As a boy in Sioux City, Iowa, Brian Wansink, Ph.D. sold vegetables door-to-door. “I found it very perplexing why one person would buy all the vegetables I had in my wagon, and the identical person in the house next to them would look at me like I was carrying kryptonite,” he tells YouBeauty.
At eight years old, Wansink had already discovered the curiosity that would drive his career. He became one of the most well-known food and marketing researchers in his field, teaching everywhere from Illinois to Amsterdam and serving as the Executive Director of the USDA’s Center for Nutrition Policy and Promotion from 2007 to 2009. Now a professor at Cornell University and the founding director of the Food and Brand Lab, Wansink studies the decisions people make about what and how much they eat.

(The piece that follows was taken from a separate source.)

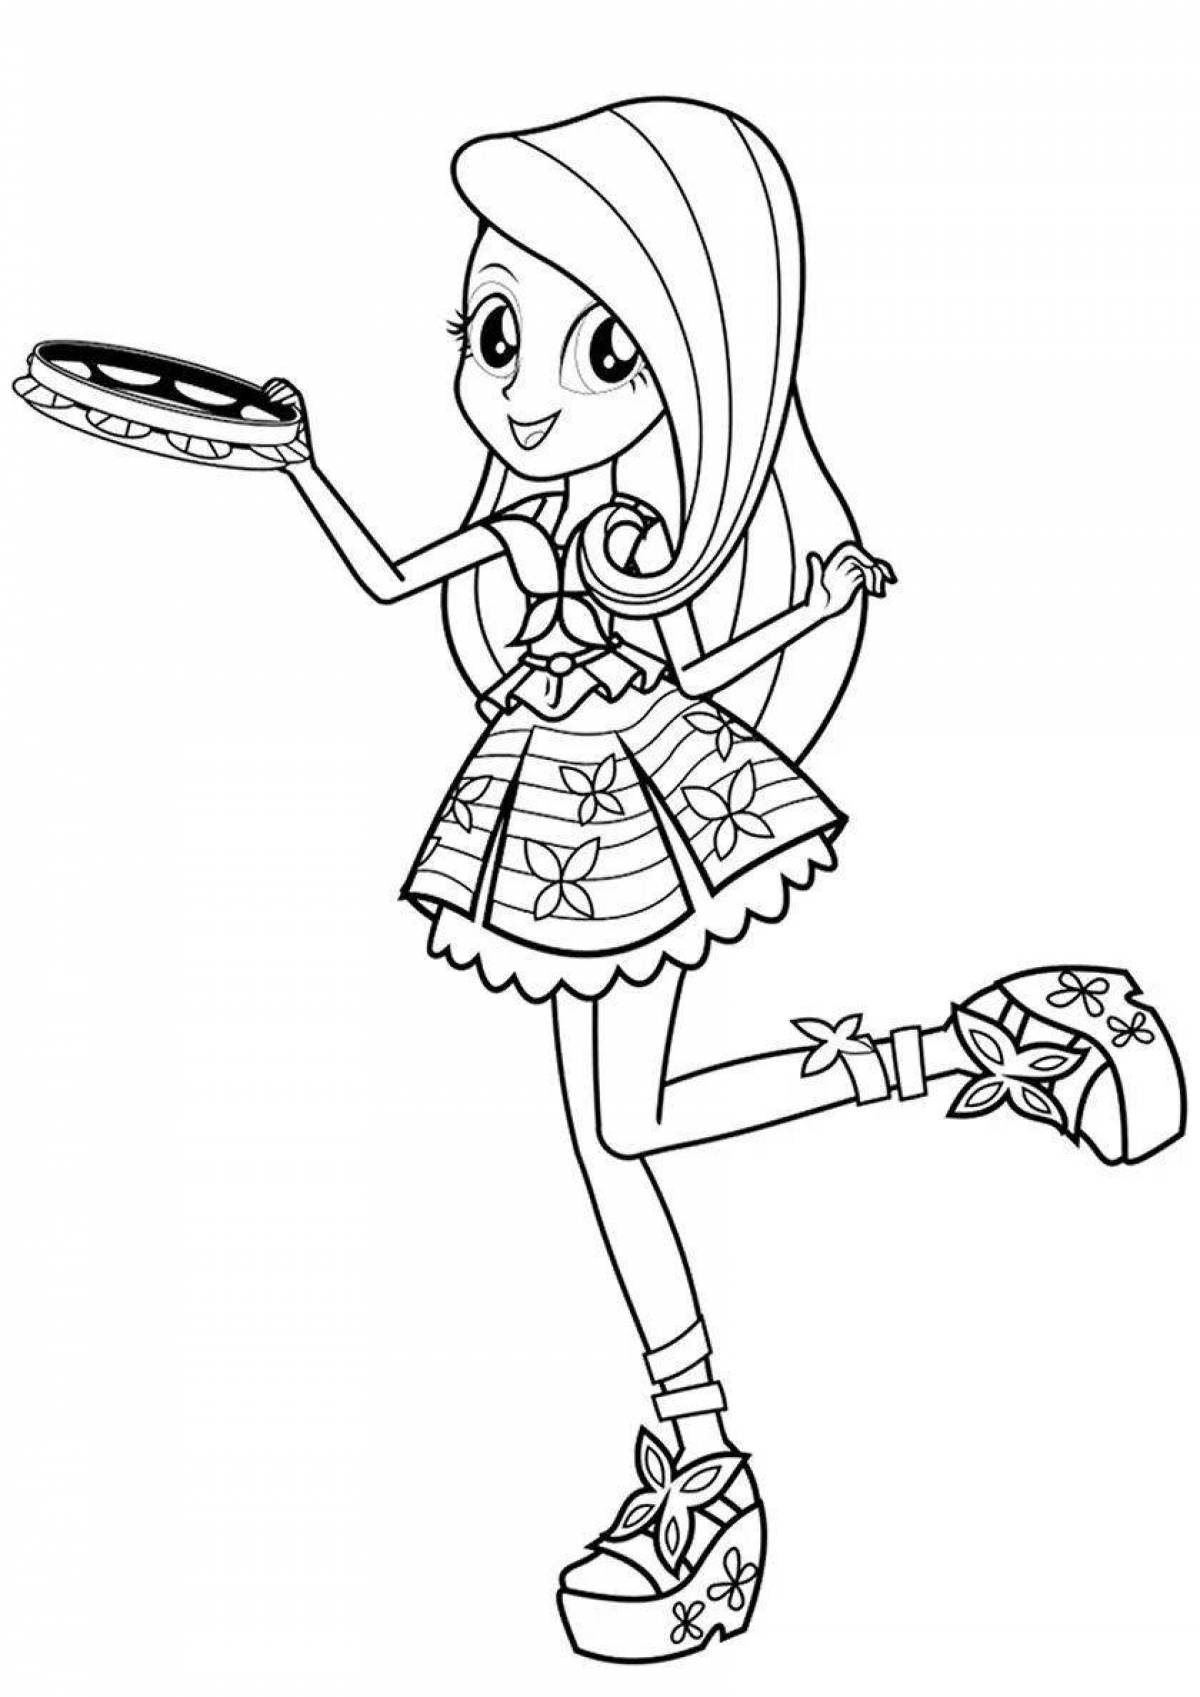 Coloring page enthusiastic equestria girls

Nicknamed “the Sherlock Holmes of food,” Wansink advocates what he calls “mindless eating” (also the name of his 2006 bestselling book). Wansink’s studies show—often with unusual flair—that our environments thwart our efforts to eat mindfully, no matter how hard we try. (Keep reading for Wansink’s advice on how to keep your eating in control, especially around the holidays.) Recently, he’s tackling school lunchrooms—revamping kids’ eating habits by making environmental changes that cost $50 or less.

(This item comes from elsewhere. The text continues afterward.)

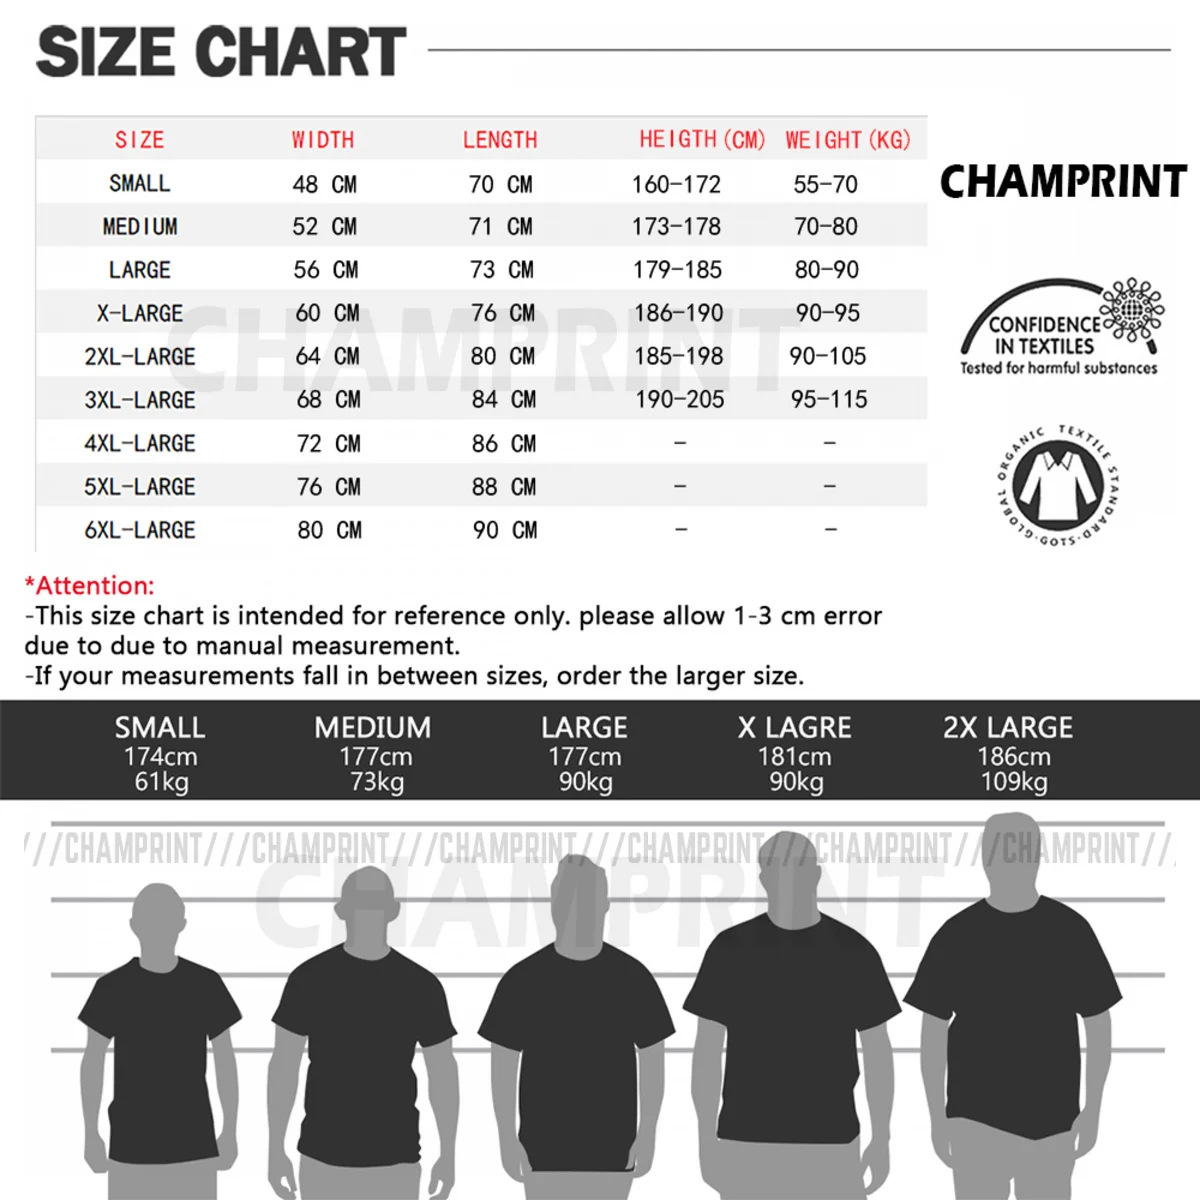 

Beer Is Always A Good Idea T Shirt Men's Cotton Vintage T-Shirt Round Collar Funny Tees Short Sleeve Tops Graphic Printed

Through his research, Wansink has found that people are pretty clueless about their eating habits. “We can have friends who are remarkably smart and well educated and curious and creative. But if you would ask why they ate what they ate for lunch today,” he says, “they wouldn’t really know.”
Discover the hidden traps that make us overeat:
It isn’t just that people don’t know what, or how much, they eat: most of our decisions about food are heavily influenced by external factors that we are completely unaware of. “Regardless of how tuned-in we think we are to what we eat, we are just a nation of mindless eaters. And part of the problem comes from the fact that we make over 200 decisions about food every day,” he says. We don’t just choose the salad over the soup: we choose how much salad to put on our plates, how much to eat, how much dressing to add, whether to get seconds—even whether to eat that last olive.
We tend to believe that these choices are dependent on our willpower, but overwhelmingly, we’re susceptible to the things around us. The size of a plate, the distance to a bowl of candy, the room’s lighting, the size of the serving spoon, the labeling on the package—all of these have huge effects on our eating habits.